1. Goals / Non-Goals

1.1 Goals

  • Prevent misleading single-label severity classifications when the assessment is incomplete.
  • Provide deterministic, auditable bounds for totals and severity:
  • min_total_score (lower bound): treat N/A as 0 (current behavior).
  • max_total_score (upper bound): treat N/A as 3 (max per item).
  • severity_lower_bound and severity_upper_bound derived from those bounds.
  • Keep paper-parity item-level metrics unchanged (MAE is computed per-item excluding N/A).
  • Make call sites (API + logs) explicitly surface “partial vs complete” classification.

1.2 Non-Goals

  • Imputing missing items (e.g., scaling totals, probabilistic inference).
  • Changing quantitative prompting strategy or the meaning of N/A.
  • Changing the meta-review agent’s severity prediction workflow.

2. Definitions (First Principles)

Given per-item scores s_i ∈ {0,1,2,3} ∪ {N/A} for i=1..8:

  • min_total_score = Σ score_i where N/A → 0
  • max_total_score = Σ score_i where N/A → 3

Severity bounds:

  • severity_lower_bound = SeverityLevel.from_total_score(min_total_score)
  • severity_upper_bound = SeverityLevel.from_total_score(max_total_score)

Determinate severity:

  • severity is only defined when severity_lower_bound == severity_upper_bound (i.e., missing items cannot change the band).

3. Domain API Changes (PHQ8Assessment)

Update src/ai_psychiatrist/domain/entities.py:

3.1 New properties

  • min_total_score: int (lower bound; equals legacy total_score)
  • max_total_score: int (upper bound)
  • total_score_bounds: tuple[int, int] returning (min_total_score, max_total_score)
  • severity_lower_bound: SeverityLevel
  • severity_upper_bound: SeverityLevel
  • severity_bounds: tuple[SeverityLevel, SeverityLevel]
  • is_complete: bool (na_count == 0)

3.2 Updated severity semantics

  • Change PHQ8Assessment.severity to return SeverityLevel | None.
  • Return a SeverityLevel only when the severity bounds are equal; otherwise return None.

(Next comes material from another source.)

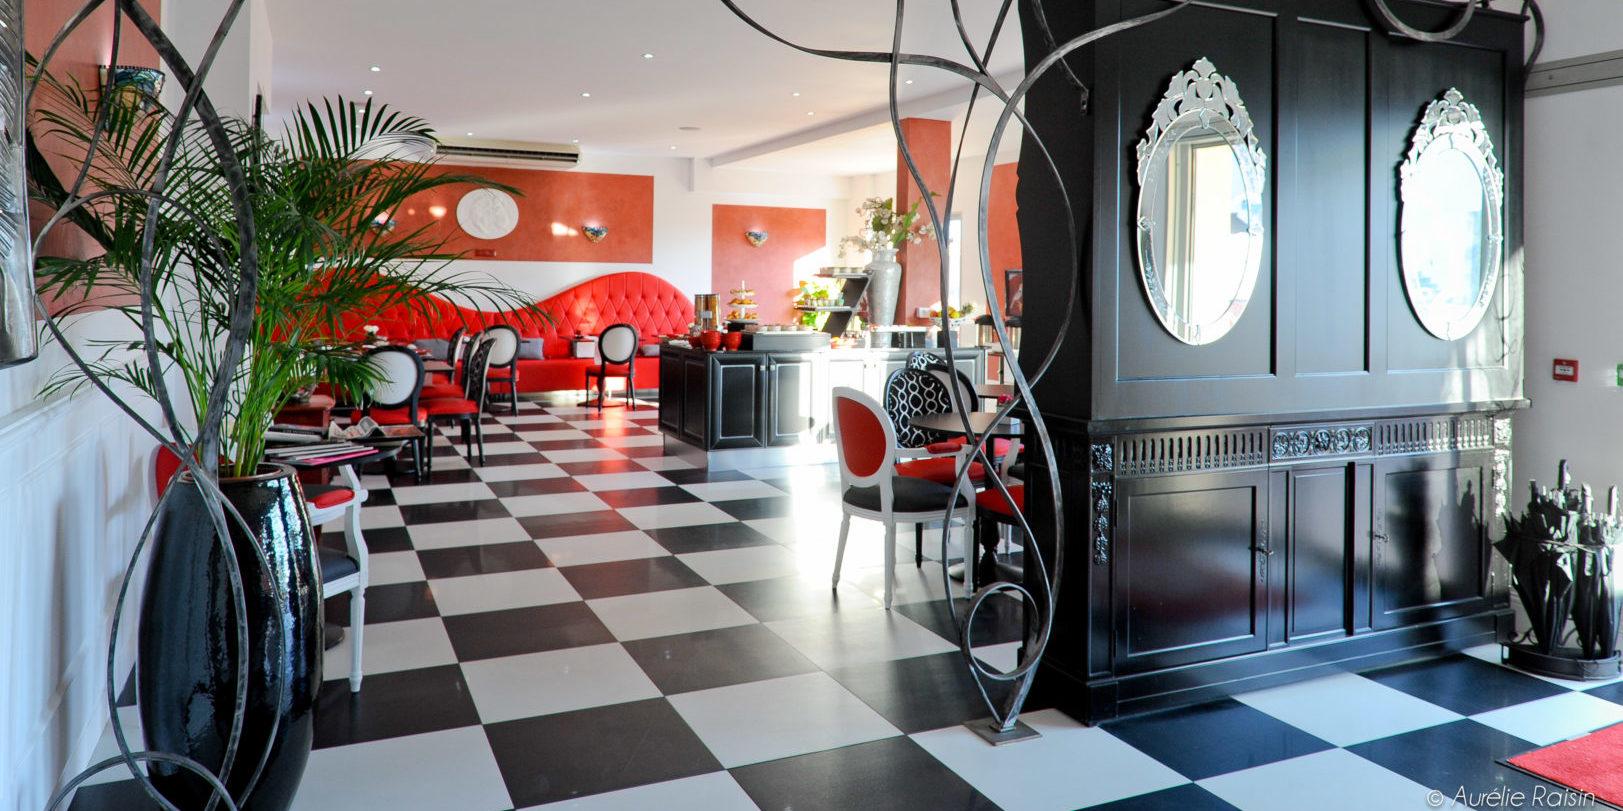 Boutique Hotel Liberata Ile Rousse Balagne Corsica Frankrijk art nouveau lobby lounge kunstobjecten

3.3 Backward compatibility of total_score

  • Keep PHQ8Assessment.total_score behavior unchanged (lower bound) to avoid cascading breakage.
  • Update docstrings to explicitly label it as a lower bound.

4. Integration Updates

4.1 Quantitative logging

Update src/ai_psychiatrist/agents/quantitative.py to avoid calling .name on an indeterminate severity.

Log fields should include:

  • total_score_min, total_score_max
  • severity (string or None)
  • severity_lower_bound, severity_upper_bound
  • na_count

4.2 API output (/assess/quantitative, /full_pipeline)

Update server.py response model QuantitativeResult:

  • Make severity nullable (str | None).
  • Add:
  • total_score_min: int
  • total_score_max: int
  • severity_lower_bound: str
  • severity_upper_bound: str

total_score remains present and equals total_score_min for compatibility.

Update scripts/reproduce_results.py JSON output to include:

  • predicted_total_min
  • predicted_total_max
  • severity_lower_bound
  • severity_upper_bound
  • severity (nullable / determinate-only)

This is additive and should not break consumers.

5. Test Plan (TDD)

5.1 Domain unit tests

Add tests to tests/unit/domain/test_entities.py:

  • Partial scoring yields correct (min_total_score, max_total_score) bounds.
  • severity is None when bounds differ.
  • severity is determinate (non-None) when bounds are equal even if items are missing.

5.2 Agent unit tests

Update tests/unit/agents/test_quantitative.py:

  • Replace the current “severity is Mild” assertion for a partial assessment with:
  • severity is None
  • bounds match expected bands (e.g., MILD..MODERATE for 6 observed + 2 unknown).

5.3 Type safety

Because .severity becomes optional, update any .severity.is_mdd usages to guard with assert result.severity is not None before attribute access.

6. Acceptance Criteria

  • All tests pass: uv run pytest tests/ -v --tb=short
  • Lint passes: uv run ruff check
  • Types pass: uv run mypy src tests scripts --strict
  • API responses never return a misleading single severity label for incomplete quantitative assessments:
  • severity is None unless bounds are equal
  • bounds are always present